Transcribe only what runs from the line containing "Assassin's Creed 3" through the final line below, exactly, and leave every picture out.

- _Source material_:
↓

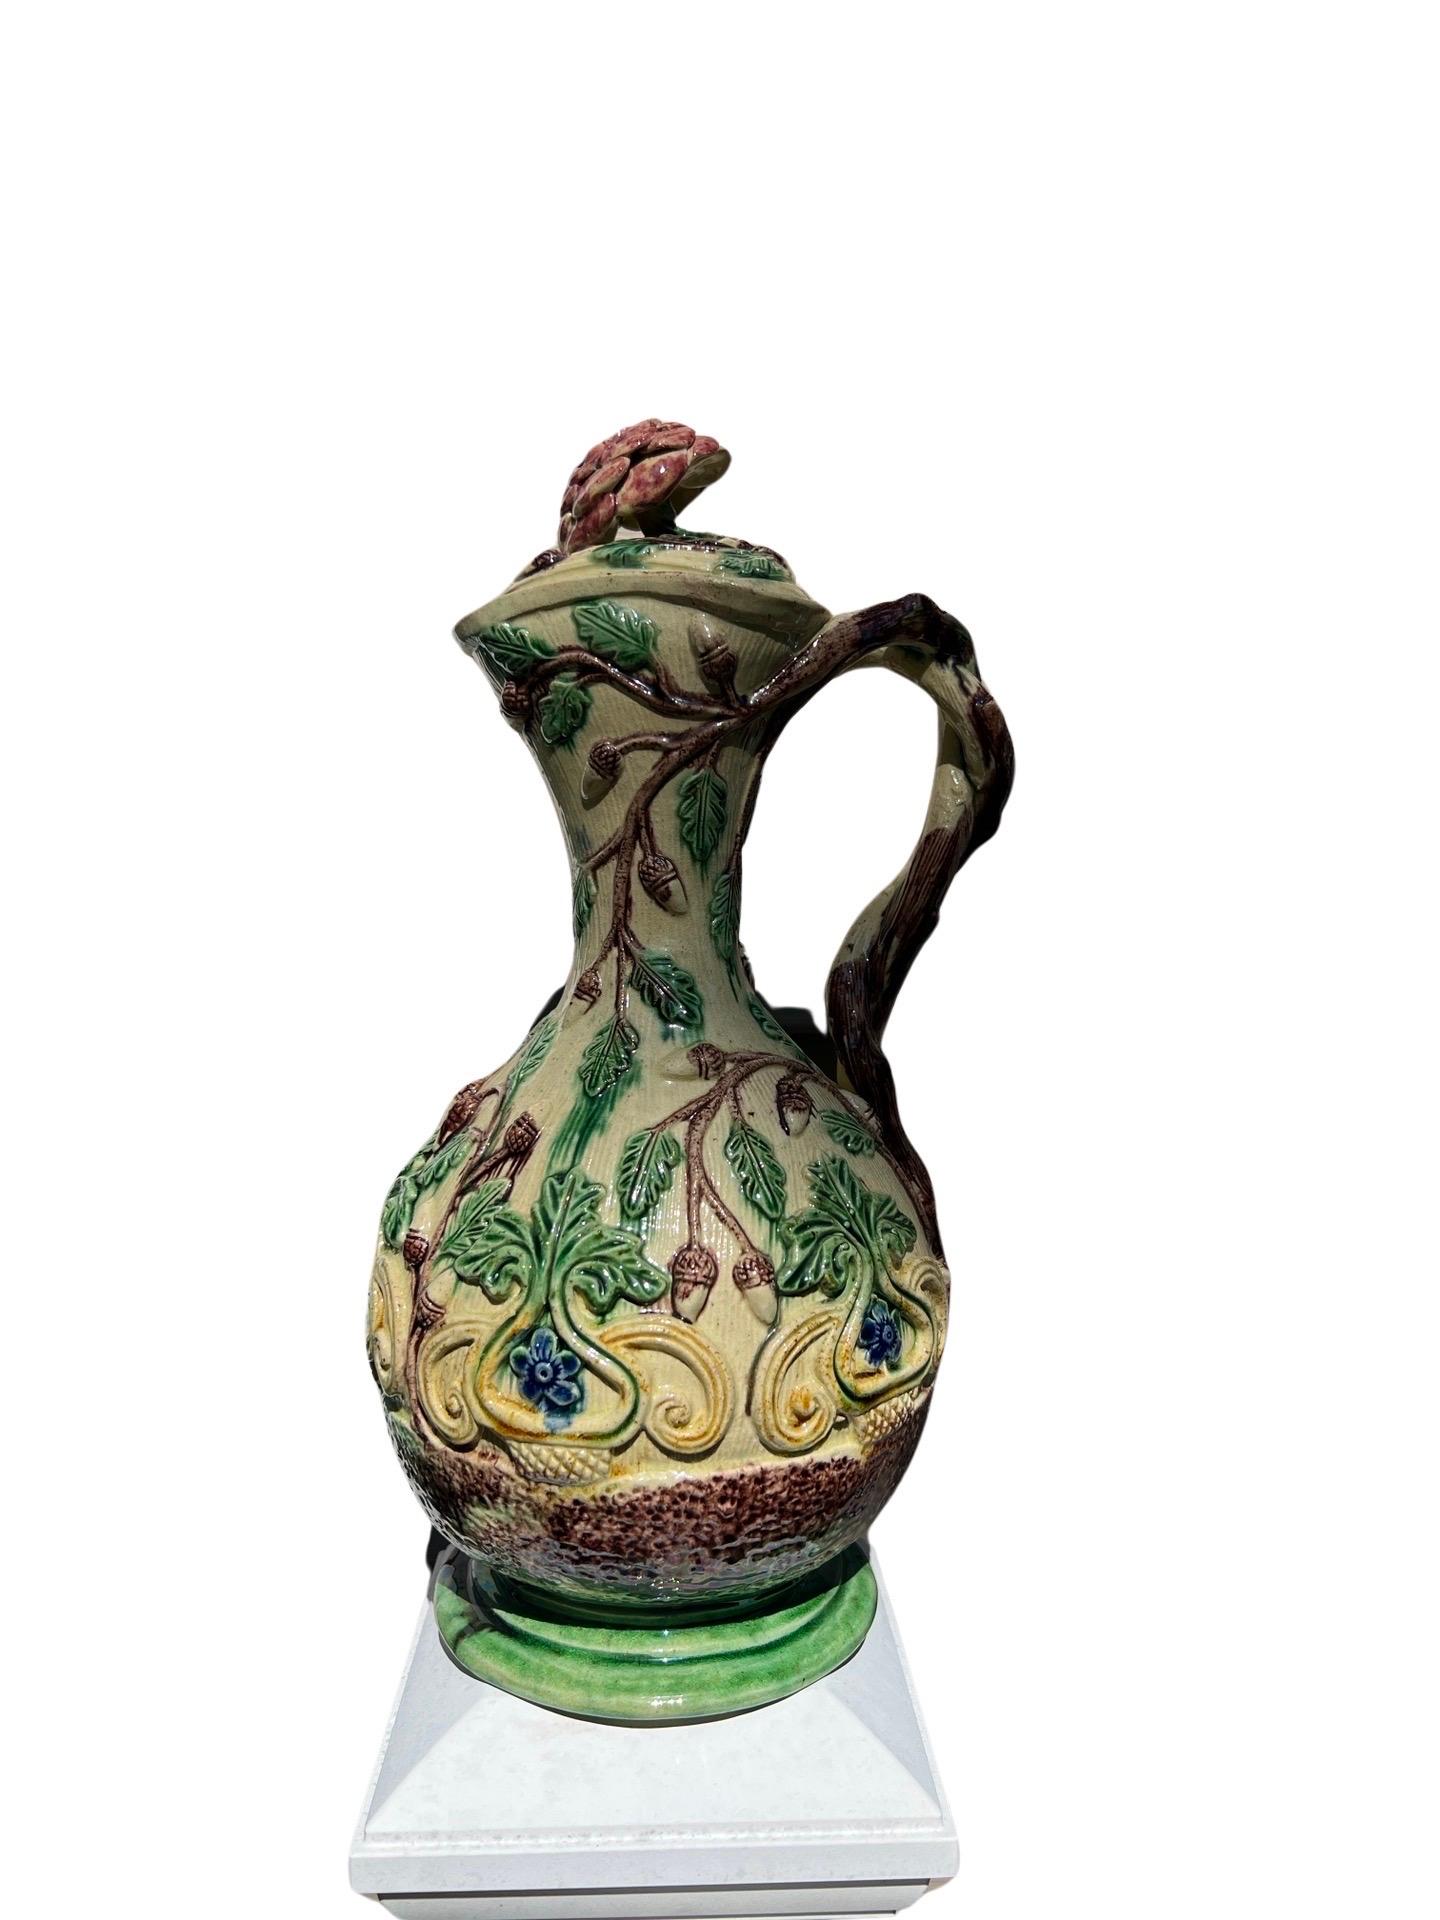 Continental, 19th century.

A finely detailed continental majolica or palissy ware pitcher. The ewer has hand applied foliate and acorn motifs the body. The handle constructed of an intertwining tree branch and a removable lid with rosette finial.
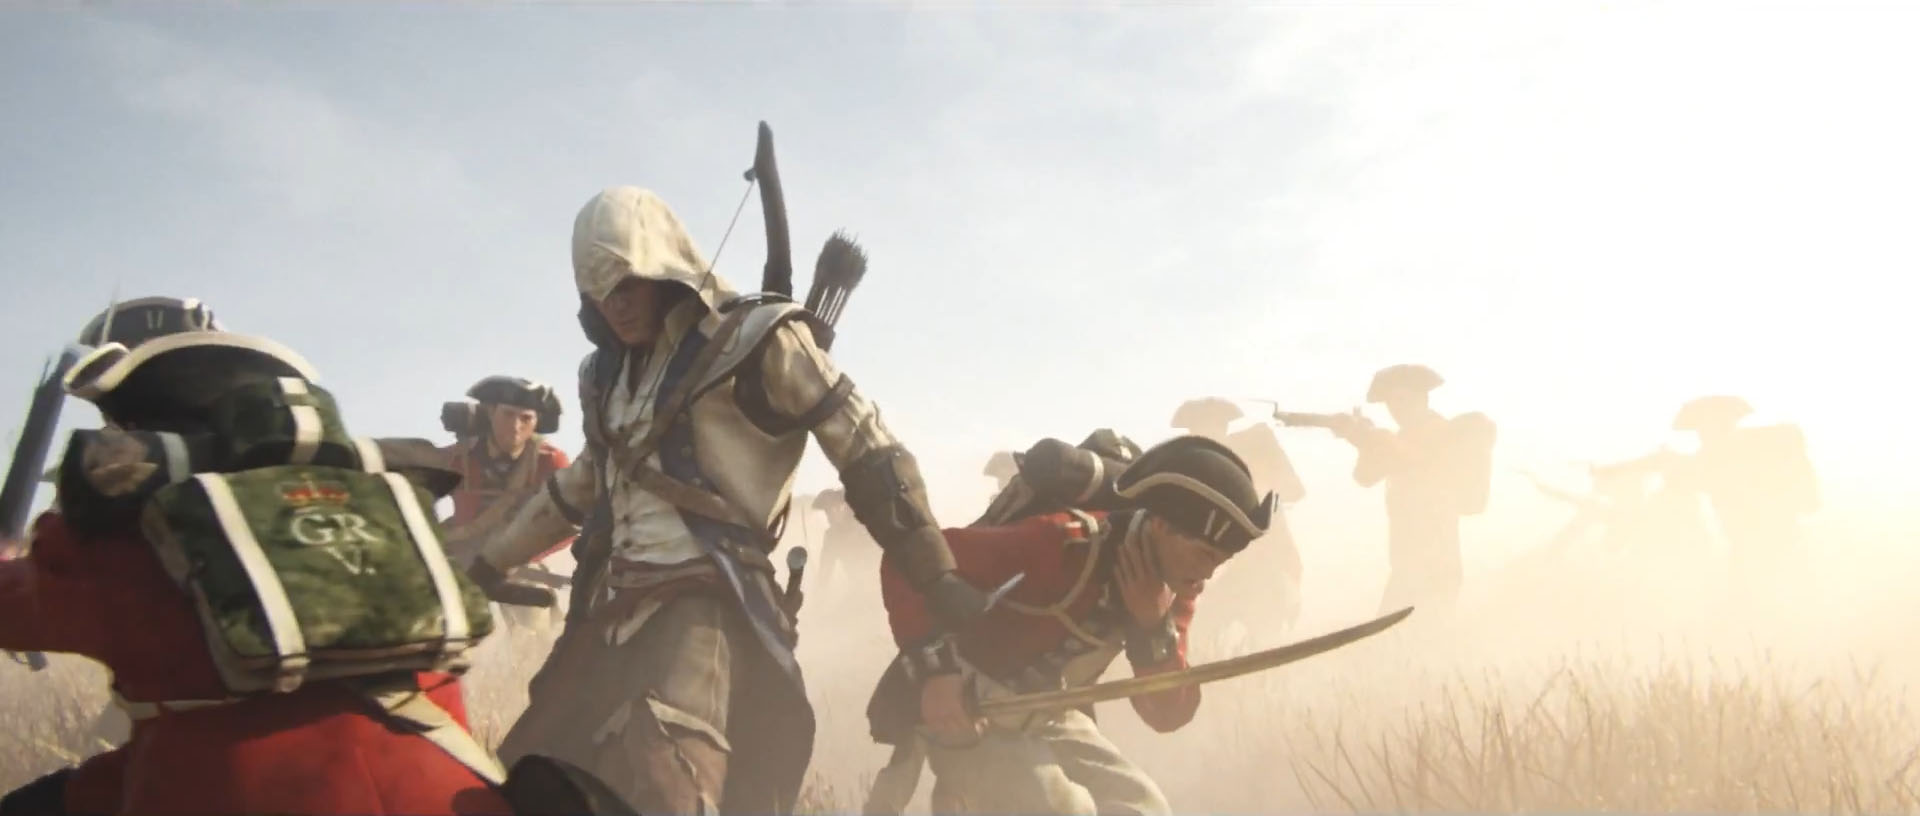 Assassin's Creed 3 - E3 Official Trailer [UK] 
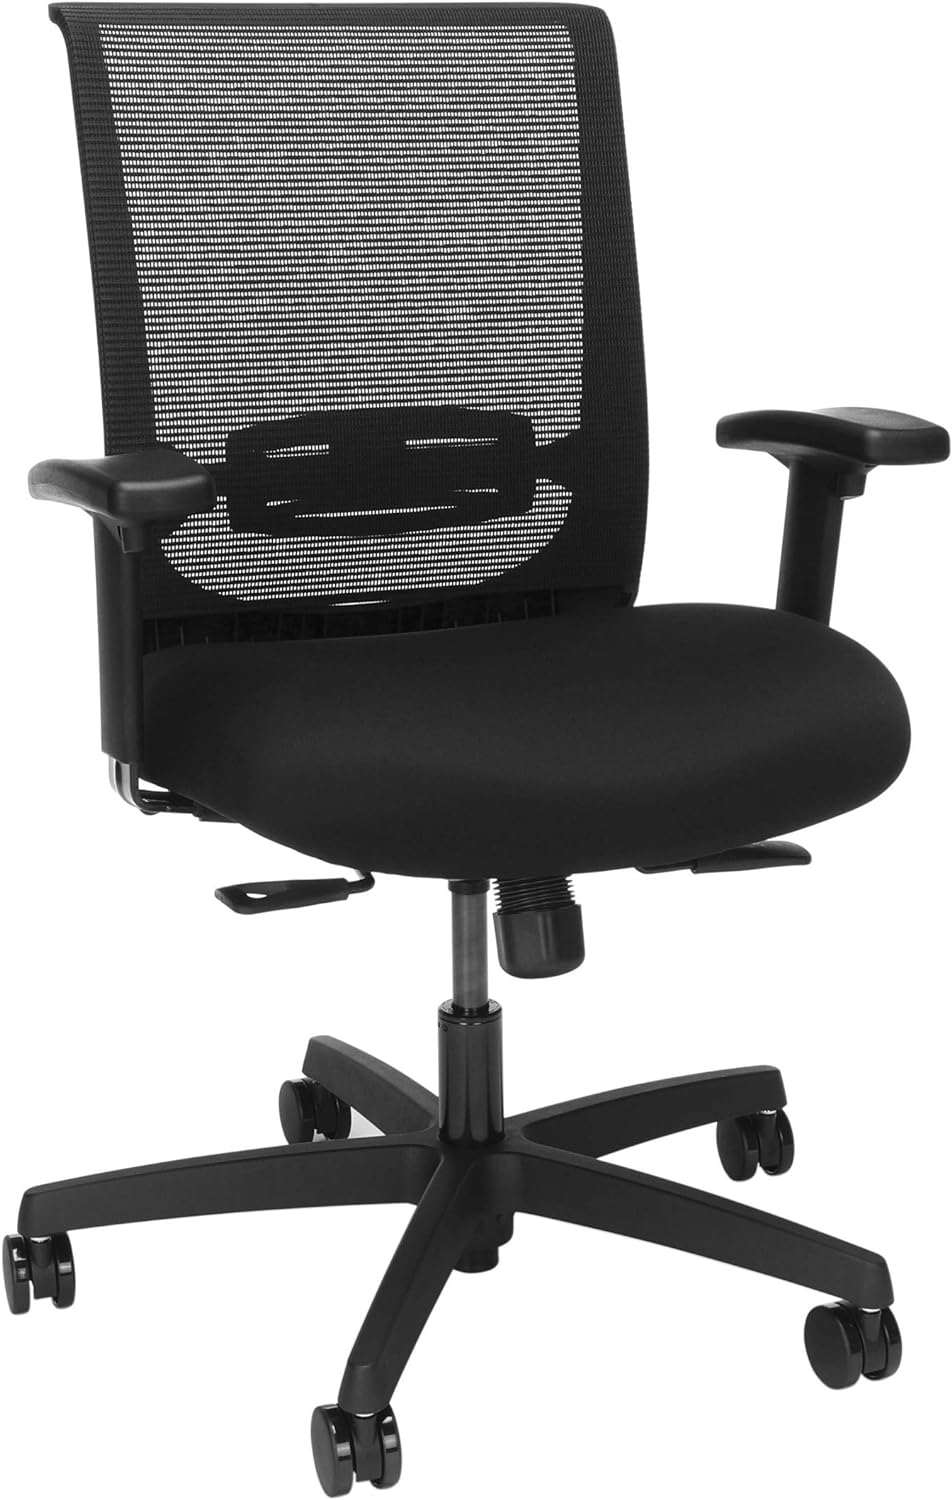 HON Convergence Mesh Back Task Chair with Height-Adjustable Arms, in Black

↑

- _Result_:
 Assassin's Creed 3 - E3 Official Trailer [UK] 
 HON Convergence Mesh Back Task Chair with Height-Adjustable Arms, in Black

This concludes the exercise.